Document Type : Research Article
Abstract
Abstract: Wheat (Triticum aestivum L.) is considered one of the world's most important
cereal crops. Every year 704 million tons of grain is produced worldwide. Bread wheat
croplands cover 17% of the total crop area. In recent years, sudden changes in air
temperatures have a negative impact on the morphological, physiological, biochemical and
molecular properties of wheat and grain yield. Therefore, it is important to create highyielding
and resistant varieties of bread wheat to abiotic factors and to develop its primary
source in the condition of different regions. In the result of this study, the influence of
high temperature which varied from 30°С and above continuously during spiking and
maturation period of grain, especially in the period of grain filling, on grain quality and
productivity has been studied thoroughly for southern parts of Uzbekistan. Mostly, winter
bread wheat varieties are grown in these southern regions. The optimal sowing time in
autumn season is the second decade of October. In order to determine the heat resistance
of the winter wheat varieties that are mostly grown in the Republic and selected in the
result of breeding, the experiments and observations were carried out on optimal and late
sowing periods. The optimal planting time was found to be appropriate on the 15th of
October and for late sowing the 15th of November.
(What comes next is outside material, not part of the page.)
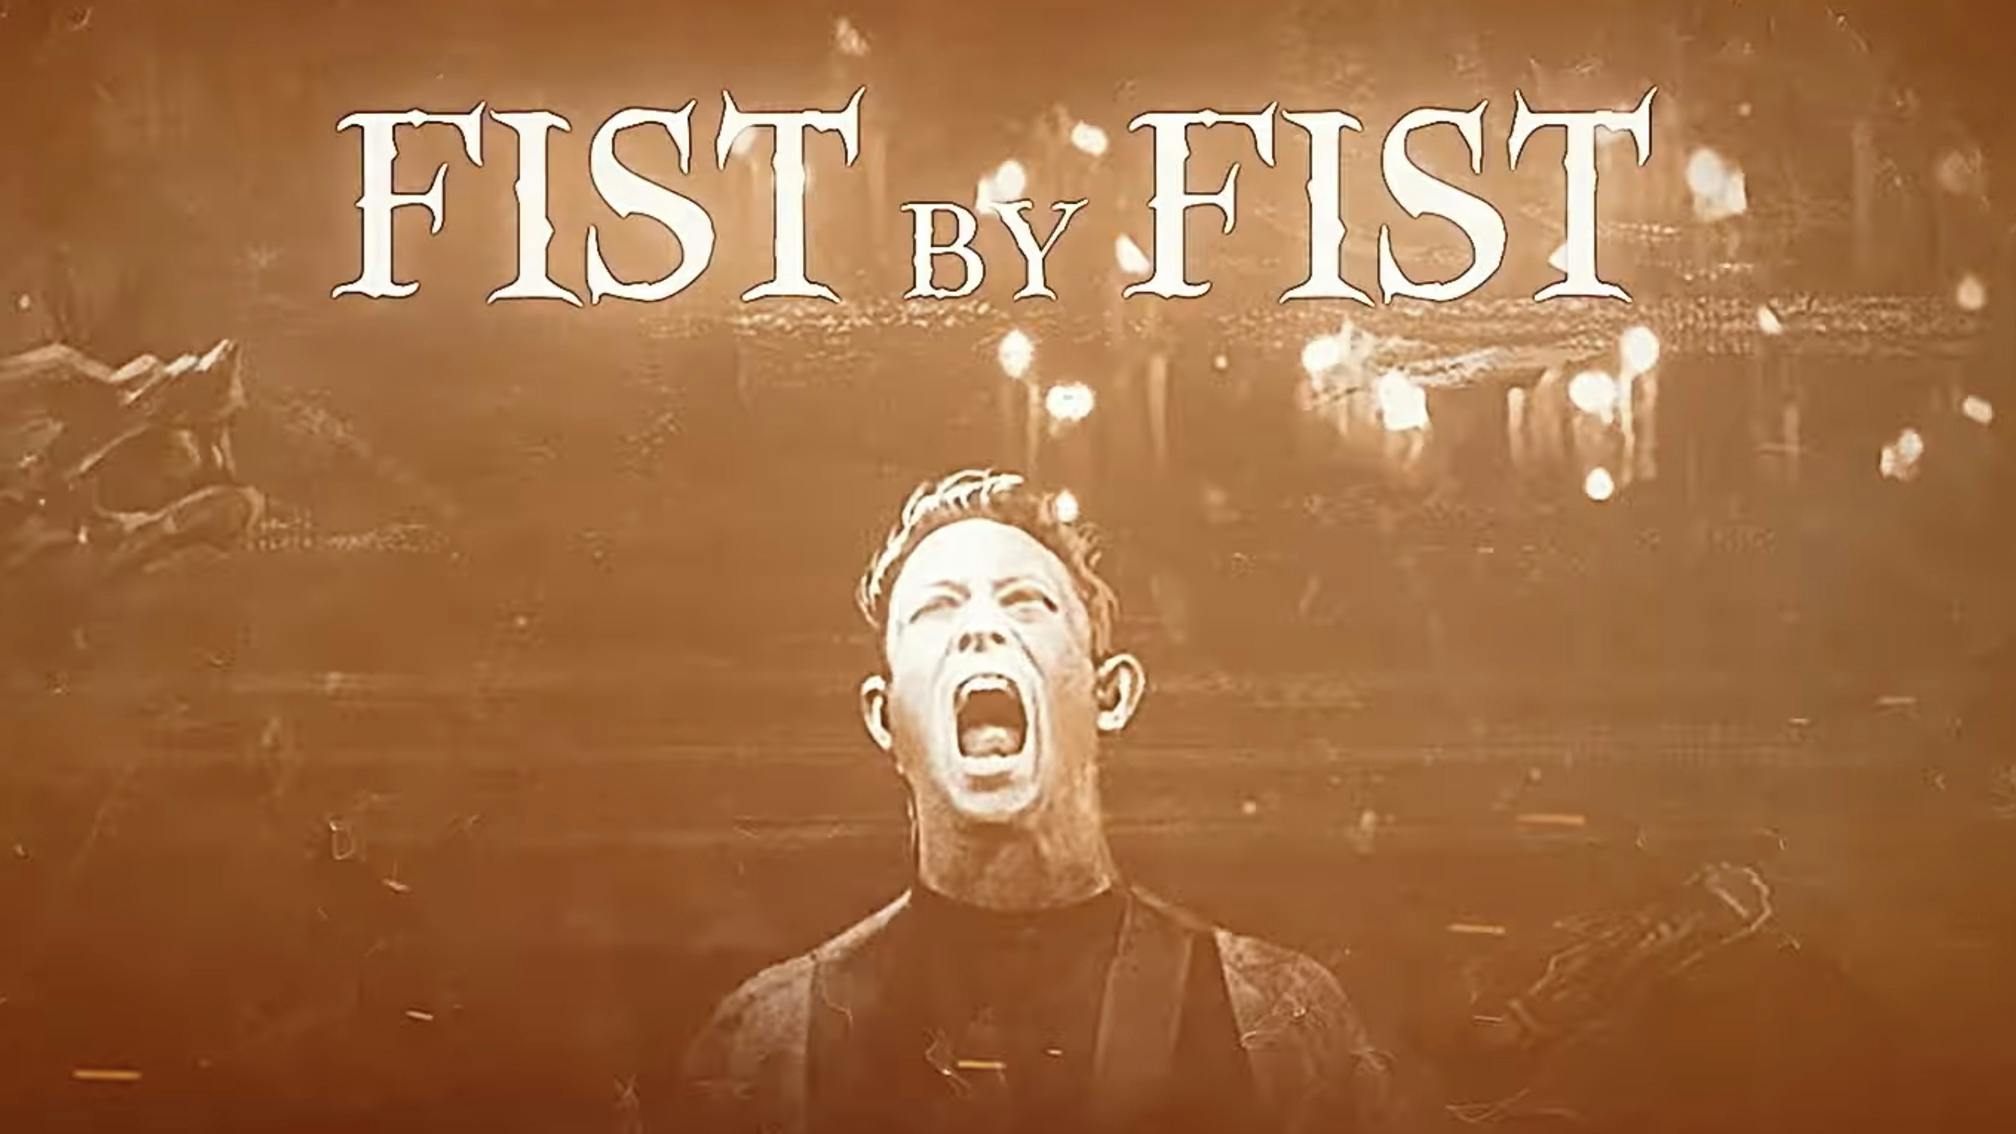 Powerwolf release Fist By Fist (Sacralize Or Strike) featuring Trivium's Matt Heafy
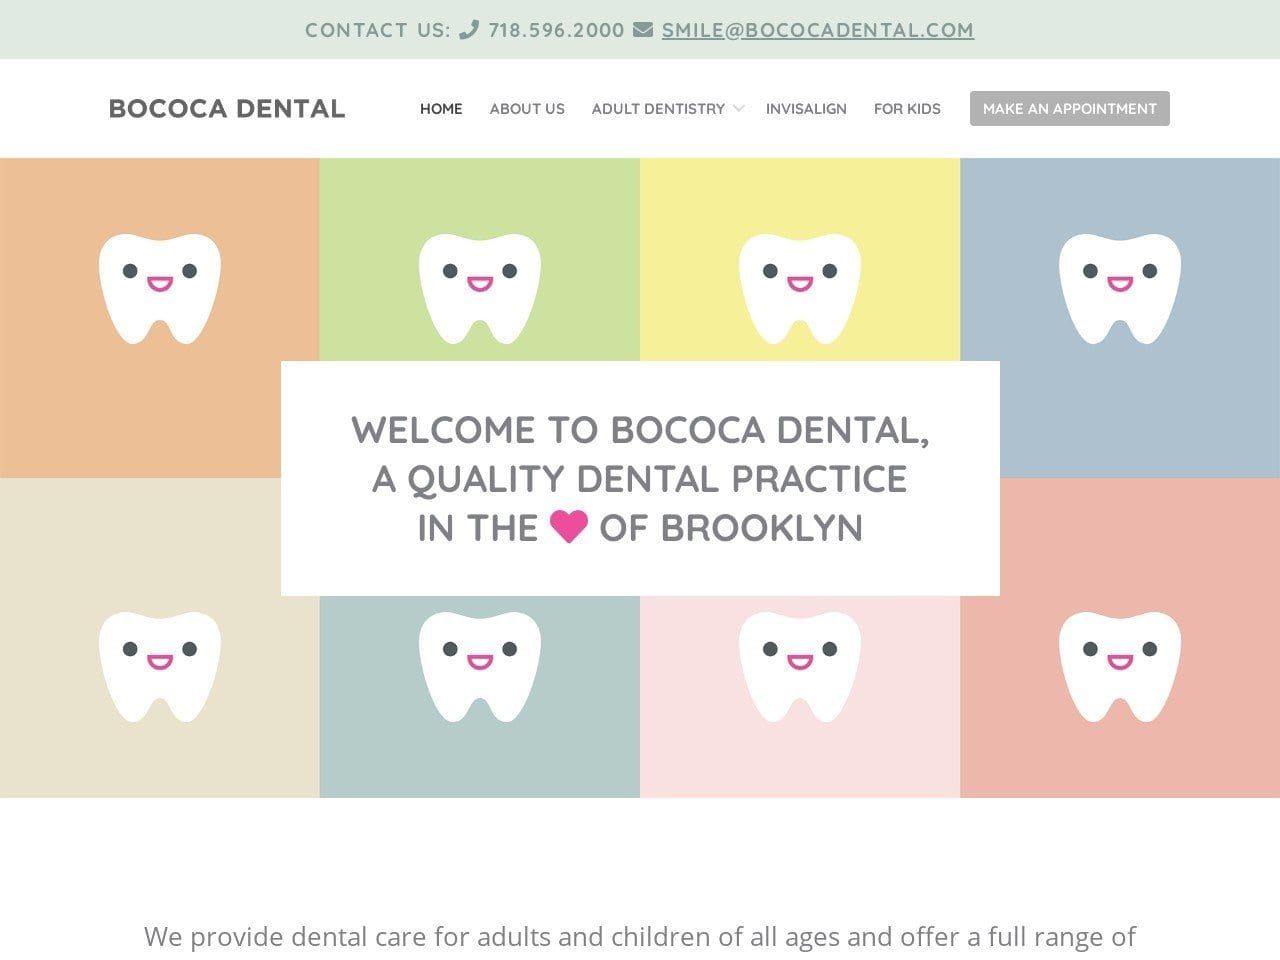 Bococa Dental Website Screenshot from bococadental.com

At the same time, late sown varieties and
samples are divided into resistant and non-resistant groups due to the delay in the
maturation period and greater exposure to heat. At the study, temperatures during the
growth period were calculated and daily temperatures during the grain filling period were
determined too, and the influence of air temperature on growth phases, height of plant
(cm), spike length (cm), number of spikelets in a spike (pieces), grain weight in a spike(g),
weight of 1000 grains (g), grain nature (g/l), protein amount (%), gluten amount (%), its
changes and the results in optimal and late periods were studied by comparing them.